Chaz realized he'd been gnawing on his lower lip, which actually turned out to be a fine touch. It made him appear truly worried about his missing wife.
The detective picked up the copy of Madame Bovary. "Yours or hers?"
"Hers." Chaz was pleased that the bait had been taken.
"No giggles here," the detective remarked, glancing at the open pages.
"I haven't read it," Chaz said, which was true. He had asked the clerk at the Barnes amp; Noble for something romantic but tragic.
"It's about a lady who gets misunderstood by just about everybody, including herself," the detective said. "Then she swallows arsenic."
Perfect, Chaz thought. "Look, Joey was happy last night," he said, not quite as insistently. "Why else would she dash out at three-thirty in the morning to go dancing on the deck?"
"In the moonlight."
"Correct."
"The captain said he ran into some rain."
"Yes, but that was earlier," Chaz said. "About eleven or so. By the time Joey went out, it was beautiful."
Before the Sun Duchess had departed Key West, Chaz had checked the weather radar on TV at a famous bar called Sloppy Joe's. He had known that the skies would be clear by 3:30 a.m., the fabricated time of his wife's disappearance.
"The moon was full last night," Chaz added, to give the false impression that he'd seen it himself.
"I believe that's right," the detective said.
He stood there as if he were expecting Chaz to say more.
So Chaz did. "I just remembered something else. There was a raccoon, a rabid raccoon, running loose on the ship."
"Yes."
"I'm serious. Ask the captain. We were held up for hours leaving Lauderdale last Sunday while they looked for it."
"Go on."
"Well, don't you see? What if Joey got attacked when she went out on the deck? What if that deranged little monster went chasing after her and she accidentally fell overboard or something?"
The detective said, "That's quite a theory."
"You ever seen an animal with rabies? They get totally whacked."

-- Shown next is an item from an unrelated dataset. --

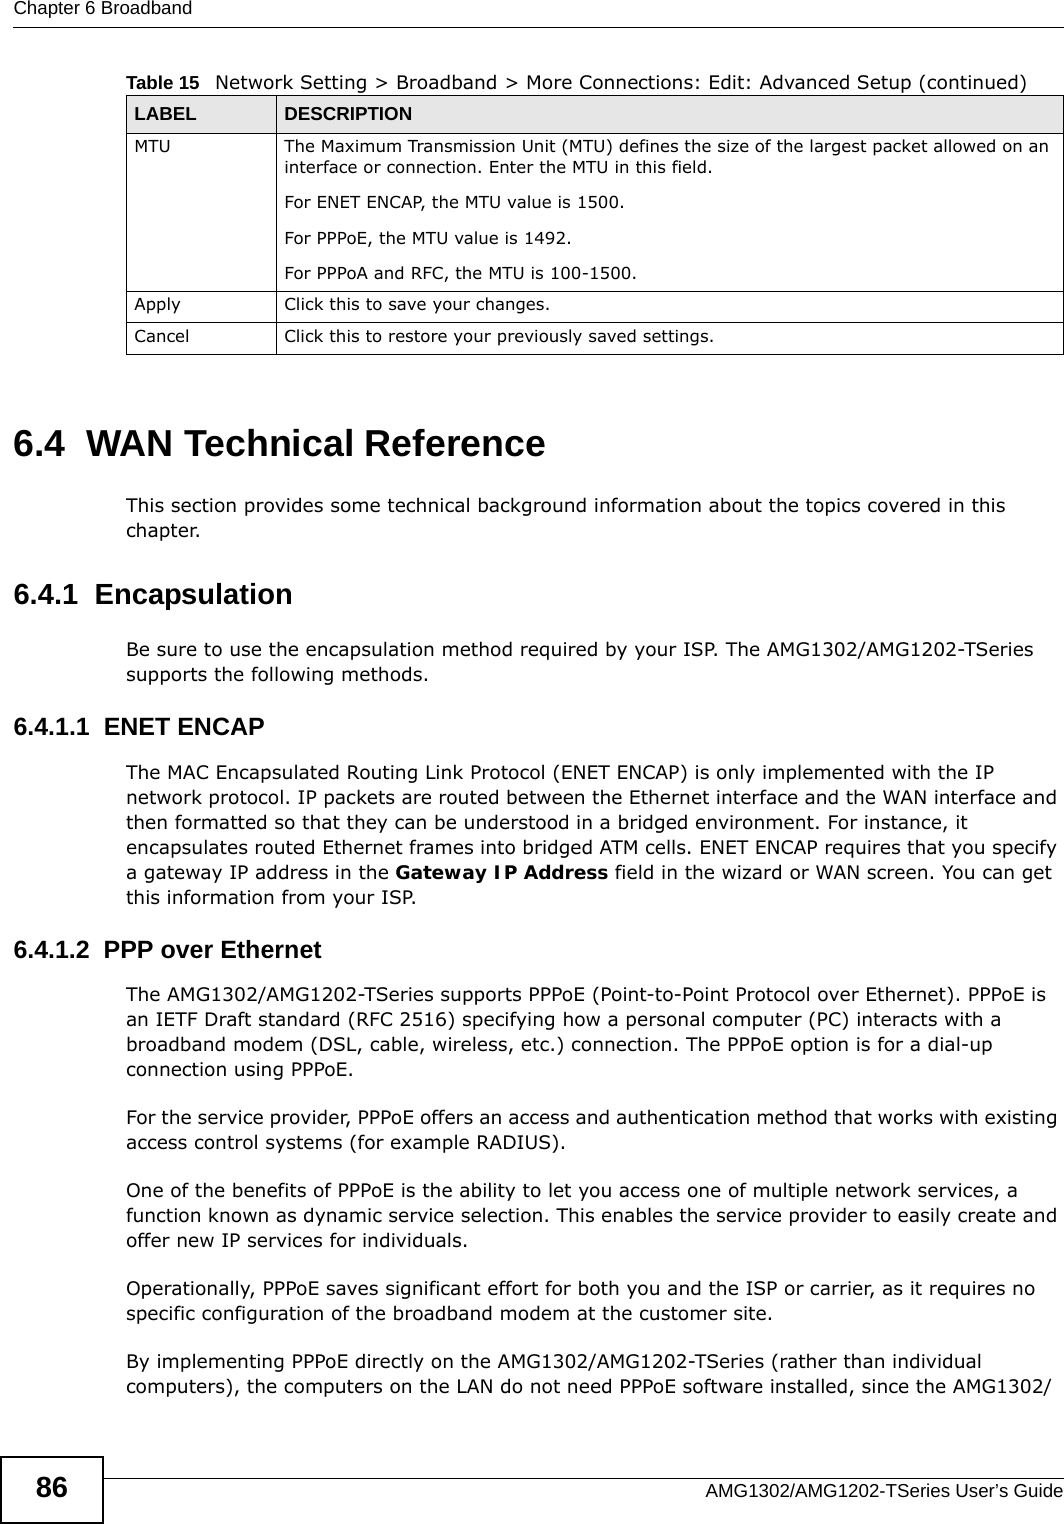 Chapter 6 BroadbandAMG1302/AMG1202-TSeries User’s Guide866.4  WAN Technical ReferenceThis section provides some technical background information about the topics covered in this chapter.6.4.1  EncapsulationBe sure to use the encapsulation method required by your ISP. The AMG1302/AMG1202-TSeries supports the following methods.6.4.1.1  ENET ENCAPThe MAC Encapsulated Routing Link Protocol (ENET ENCAP) is only implemented with the IP network protocol. IP packets are routed between the Ethernet interface and the WAN interface and then formatted so that they can be understood in a bridged environment. For instance, it encapsulates routed Ethernet frames into bridged ATM cells. ENET ENCAP requires that you specify a gateway IP address in the Gateway IP Address field in the wizard or WAN screen. You can get this information from your ISP.6.4.1.2  PPP over EthernetThe AMG1302/AMG1202-TSeries supports PPPoE (Point-to-Point Protocol over Ethernet). PPPoE is an IETF Draft standard (RFC 2516) specifying how a personal computer (PC) interacts with a broadband modem (DSL, cable, wireless, etc.) connection. The PPPoE option is for a dial-up connection using PPPoE.For the service provider, PPPoE offers an access and authentication method that works with existing access control systems (for example RADIUS).One of the benefits of PPPoE is the ability to let you access one of multiple network services, a function known as dynamic service selection. This enables the service provider to easily create and offer new IP services for individuals.Operationally, PPPoE saves significant effort for both you and the ISP or carrier, as it requires no specific configuration of the broadband modem at the customer site.By implementing PPPoE directly on the AMG1302/AMG1202-TSeries (rather than individual computers), the computers on the LAN do not need PPPoE software installed, since the AMG1302/MTU The Maximum Transmission Unit (MTU) defines the size of the largest packet allowed on an interface or connection. Enter the MTU in this field.For ENET ENCAP, the MTU value is 1500.For PPPoE, the MTU value is 1492.For PPPoA and RFC, the MTU is 100-1500.Apply Click this to save your changes. Cancel Click this to restore your previously saved settings.Table 15   Network Setting &gt; Broadband &gt; More Connections: Edit: Advanced Setup (continued)LABEL DESCRIPTION

"I already know about the raccoon," said the detective. "They trapped it in the crew's laundry and removed it from the ship at San Juan, according to the captain's log."
"Oh," Chaz said. "Well, it's good you checked that out."
"We try to be thorough." This was spoken in a barbed tone that Chaz felt was inappropriate for use on a distraught husband. He was glad when the detective finally departed, and further relieved to learn that he was free to start packing. The stateroom had to be vacated soon, as the Sun Duchess was being prepared for its next cruise.